FIG. 1 is a refrigerant cycle diagram of a multi-type air conditioner according to an embodiment of the present invention.

FIG. 2 is a refrigerant cycle diagram of the air conditioner during the simultaneous cooling and heating operation.

FIG. 3 is a refrigerant cycle diagram of an air conditioner when an indoor unit is added.

FIG. 4 is a refrigerant cycle diagram of an air conditioner according to another embodiment using a solenoid valve.

FIG. 5 is a refrigerant cycle diagram of an air conditioner of another embodiment using a four-way switching valve.

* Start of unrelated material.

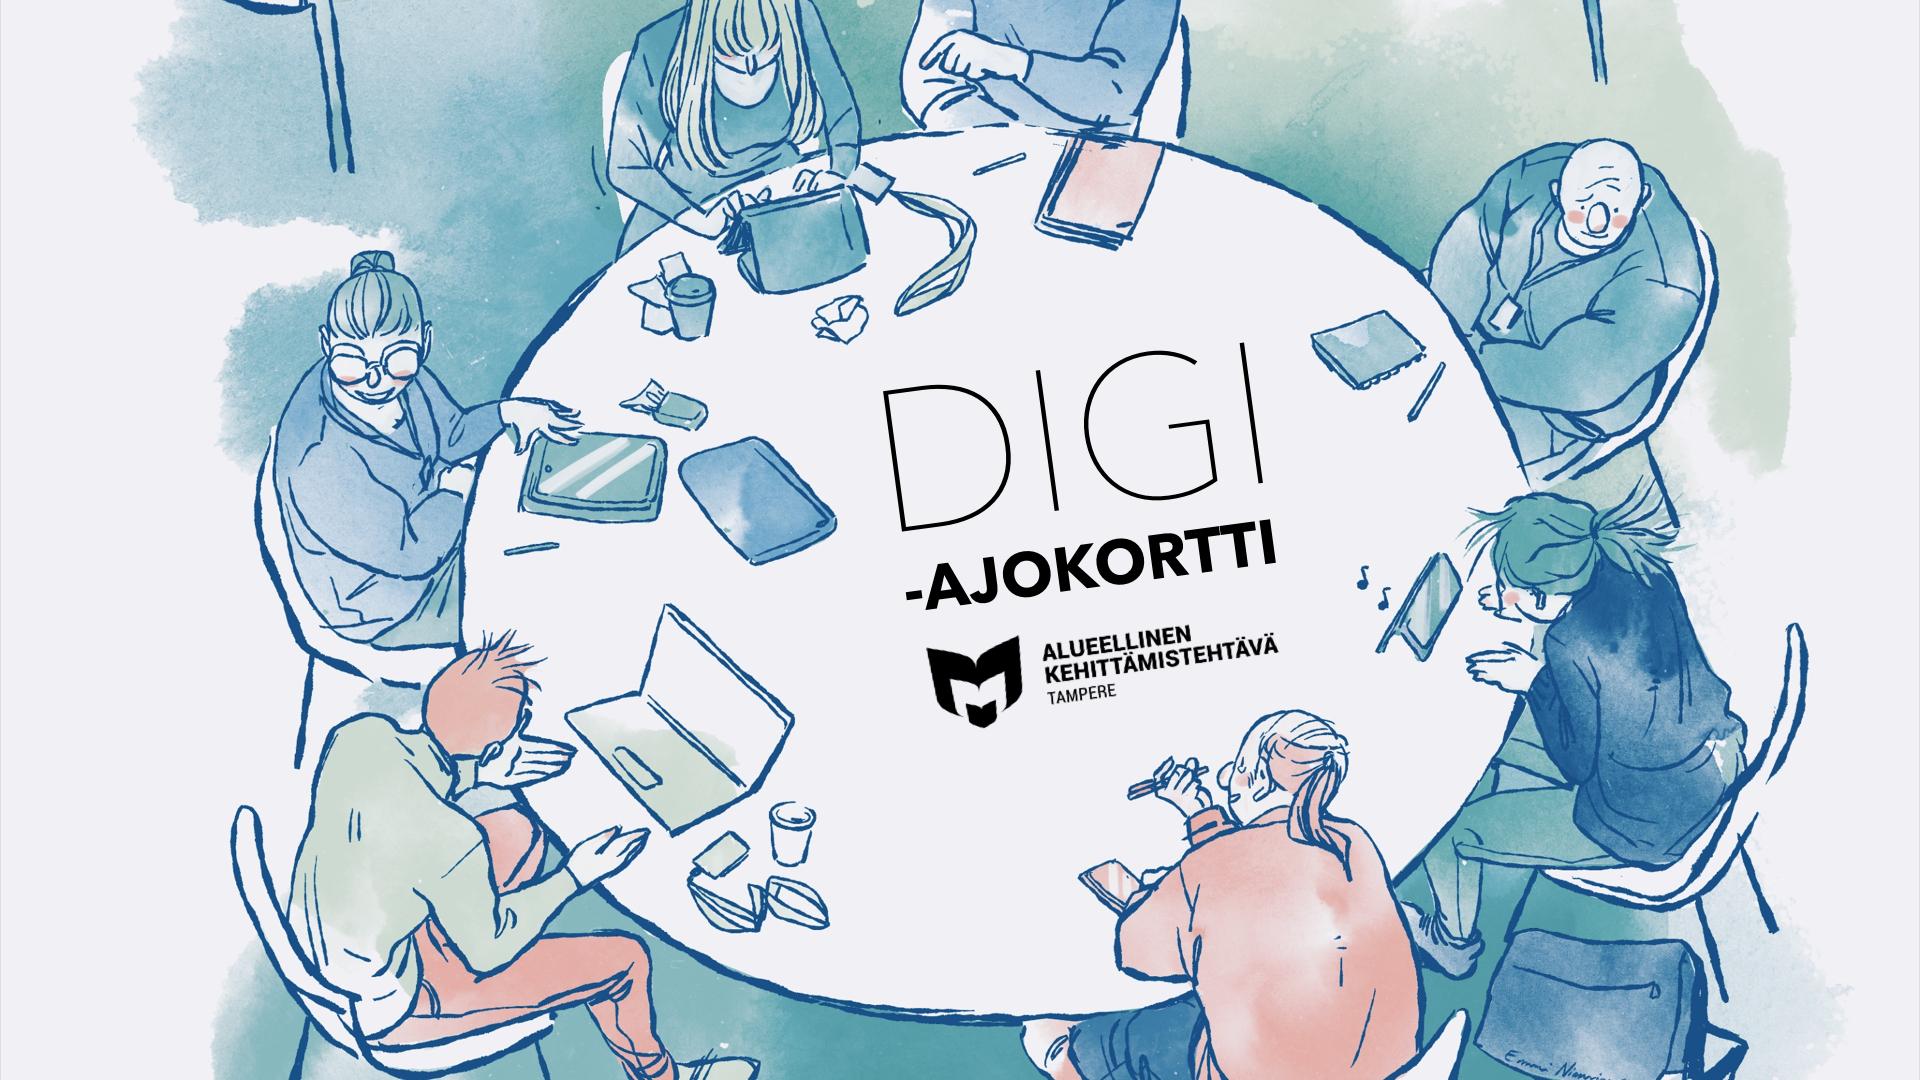 Kuvassa piirroshahmot ovat istumassa pyöreän pöydän ympärillä. Heillä on erilaisia digilaitteita ja he pohtivat yhdessä digiasioita. Kuvassa on myös Digiajokortti-logo.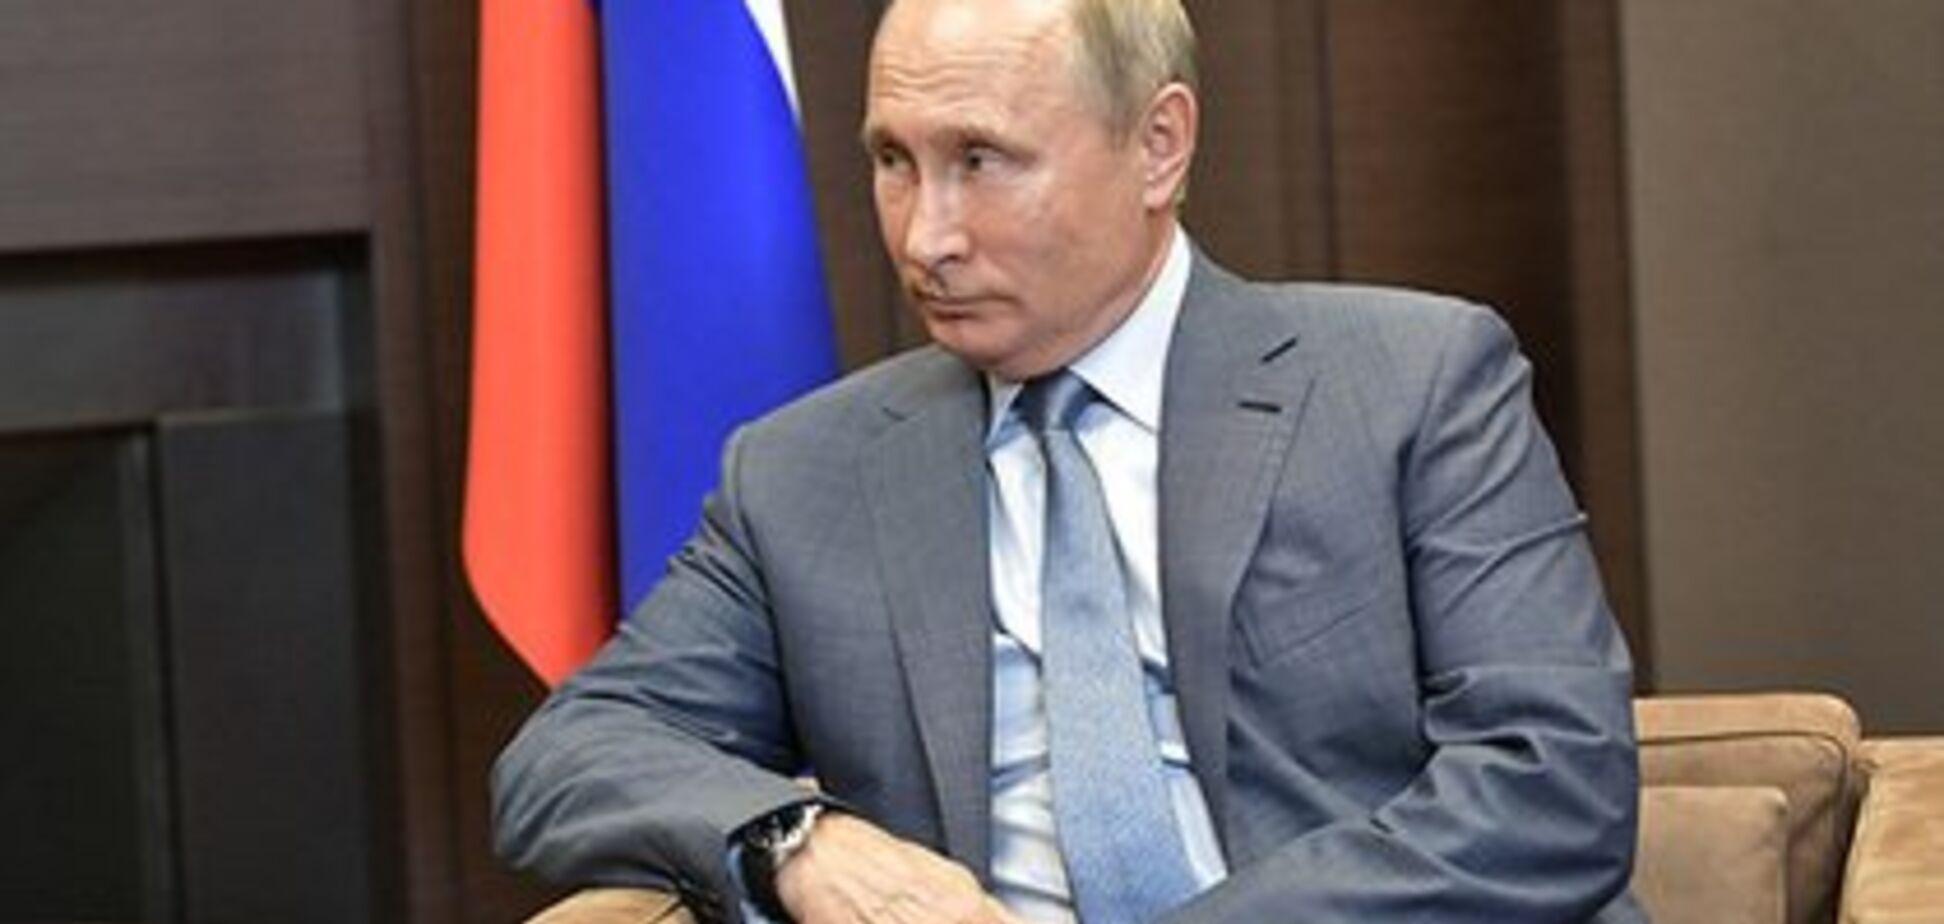 'Где настоящий?' Сеть озадачило фото с 'двойником' Путина

FIG. 6 is a refrigerant cycle diagram of an air conditioner of another embodiment.

[Explanation of symbols]

 DESCRIPTION OF SYMBOLS 1 Compressor 2 Outdoor heat exchanger 3a, 3b Expansion valve 4 Indoor heat exchanger 10 1st switching valve 11 2nd switching valve 12a, 12b 3rd switching valve 13a, 13b 4th switching valve 14 Bypass pipe A, B Indoor unit

Claims (5)

[Claims] An outdoor unit having a compressor, an outdoor heat exchanger, and a plurality of flow control valves, and a plurality of indoor units each having an indoor heat exchanger and arranged in parallel, are connected by a main pipe. A main pipe is provided with a bypass pipe that straddles the outdoor heat exchanger. One end of the bypass pipe is connected to an intermediate point between the outdoor heat exchanger and each indoor unit, and the other end is connected to the compressor and the outdoor heat exchanger. Connected to an intermediate point with the exchanger,
A switching valve is provided at each intermediate point, during cooling and heating simultaneous operation, sends the refrigerant discharged from the compressor to an indoor unit that performs heating, and after flowing the refrigerant to the outdoor heat exchanger by the bypass pipe to release heat, A multi-type air conditioner, wherein the air is sent to an indoor unit that performs cooling through the flow control valve. 2. An outdoor unit having a compressor, a plurality of switching valves, an outdoor heat exchanger and a plurality of flow control valves, and a plurality of indoor units each having an indoor heat exchanger and arranged in parallel, The outdoor heat exchanger and each indoor unit are connected through the flow control valve, and a pipe branched from a first intermediate point between the discharge side of the compressor and the outdoor heat exchanger is connected to each indoor unit. A bypass pipe is connected to an intermediate point between the compressor and the suction side, and branches from a second intermediate point between the discharge side of the compressor and the outdoor heat exchanger. A switching valve is provided at each of the intermediate points with the valves, and a switching valve is provided at each of the intermediate points. During the simultaneous cooling and heating operation, the refrigerant discharged from the compressor is sent to an indoor unit that performs heating, and the refrigerant is transmitted to the outdoor unit by the bypass pipe. After flowing through the heat exchanger and releasing heat, through the flow control valve A multi-type air conditioner characterized by being sent to an indoor unit for cooling. 3. The multi-type air conditioner according to claim 1, wherein the switching valve is a three-way switching valve. 4. The multi-type air conditioner according to claim 3, wherein two on-off valves are used instead of the three-way switching valve. 5. The multi-type air conditioner according to claim 3, wherein a four-way switching valve is used instead of the three-way switching valve, and three of the four ports are used.